Geoff flinched. “I’d rather take him in. He’s just a boy.”
“They’ll slap his hand and let him go. If he gets away with it, everyone else will think they can. The whole family needs shooting.”
“They all think they’re better’n us. First ol’ man Boston, then Gloria, then Mrs. Boston, then even young Billy.” Cal picked up his rifle and pointed it at a raccoon on the creek bank.
A finger of ice chilled the back of Geoff’s neck. Now what, Lord? “So, uh, this would be the way to get even, huh?”
“Yeah.” He swung the rifle around toward a buck that raised his head in the field. “Wow, that would be a nice rack to put over my fireplace, if I had a fireplace. If we didn’t need to keep quiet, I’d kill him anyway, fireplace or no.”
The deer’s stiff posture and gaze to the north alerted them. The deer bounded off when a figure on horseback slid from his mount’s back and walked toward the field, something long and slender in his hands.
Cal’s rifle rose.
“Wait.” Geoff put his hand on the barrel, but Cal had already fired, the sound splintering the silence into a thousand shocks.
The figure at the edge of the field screamed.
“I got him! I got him!” Cal sprang up and ran toward the fallen boy.
Geoff followed. “Stop, Cal!”
Cal stood over the trembling boy. His rifle pointed at Billy’s wide eyes.
“No!” Geoff kicked the rifle out of Cal’s grip.
Cal turned. “What did you do that for?”
His fist connected with Geoff’s chin, and he fell to the ground. He rolled toward the rifle. Cal stomped on his hand and reached for the gun.
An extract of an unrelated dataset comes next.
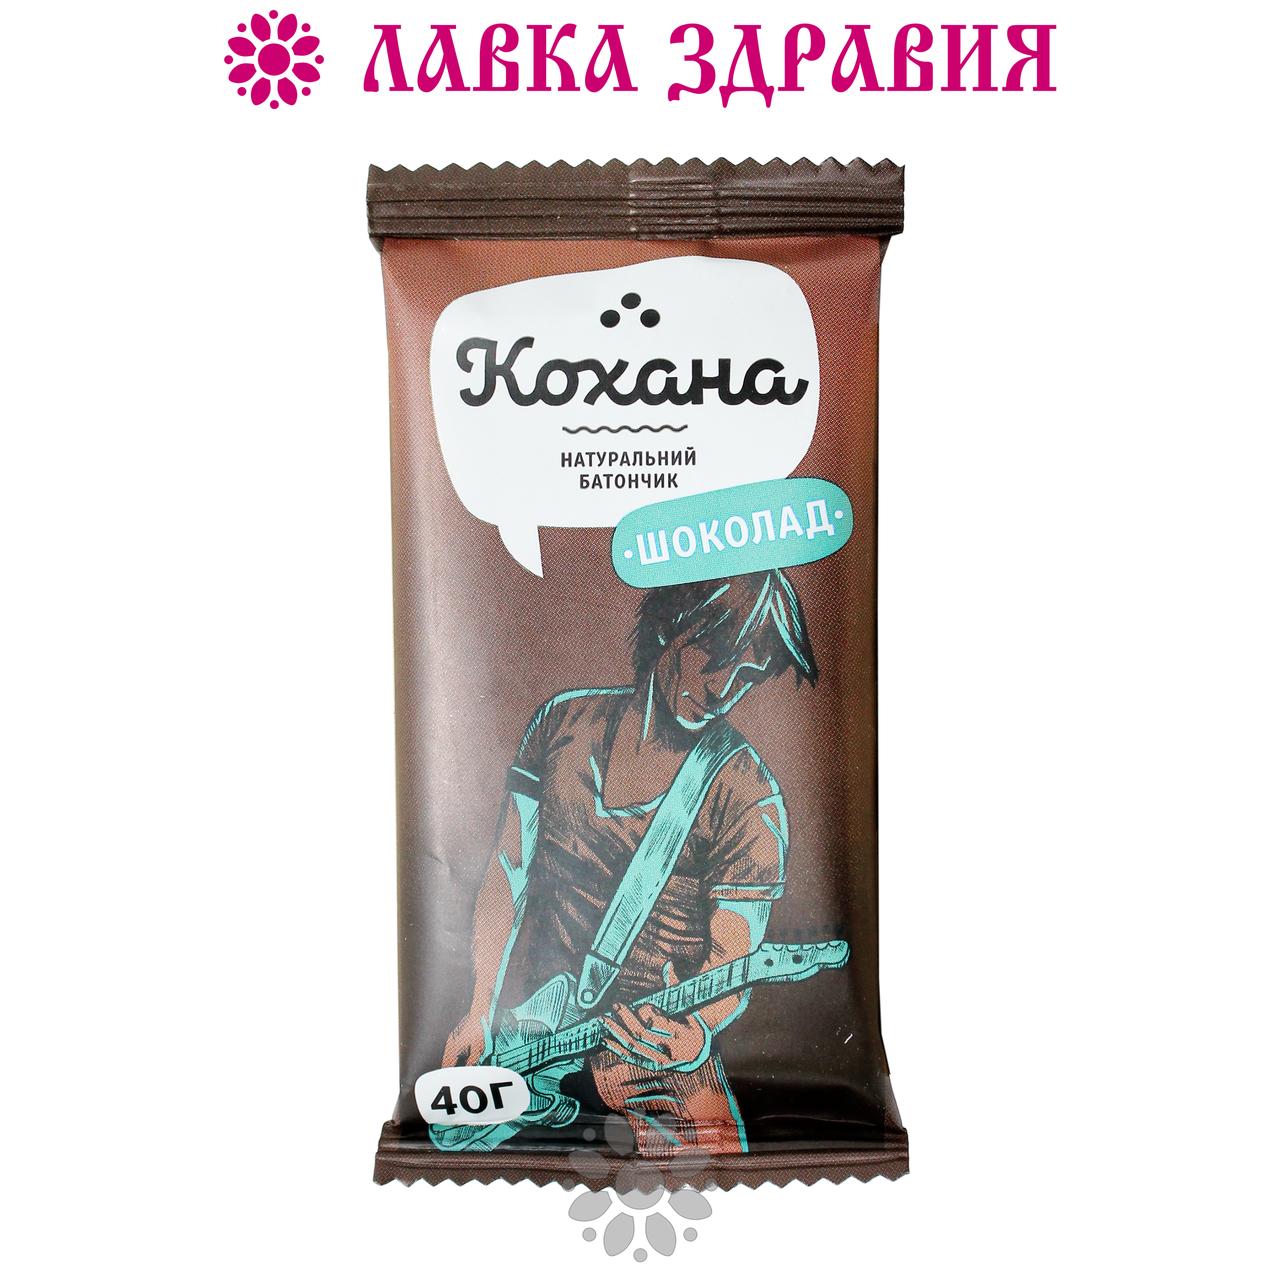 Батончик шоколад, 40 г, Кохана

Geoff grabbed Cal’s leg and pulled, toppling him. Cal rose to his knees, but Geoff rammed his head into the man’s stomach and grabbed again for the rifle. This time Geoff reached it and flung it as hard as he could. The gun landed in a tangle of thistles.
Cal thrust his hand into the thistles and pulled it back, yelping with pain.
Geoff grabbed Cal’s wrists and lifted his arms high on his back. “Billy! Go get the rope off my saddle—over there, behind the trees.” Geoff pointed with his chin.
Billy stood, gripping one bloody shoulder. Grunting with pain, he walked to Geoff’s partially hidden horse and pulled the rope off the saddle horn.
Between them, they tied Cal’s arms behind him, lifted him to his horse, and took him into town. The sheriff might be interested in this night’s activities.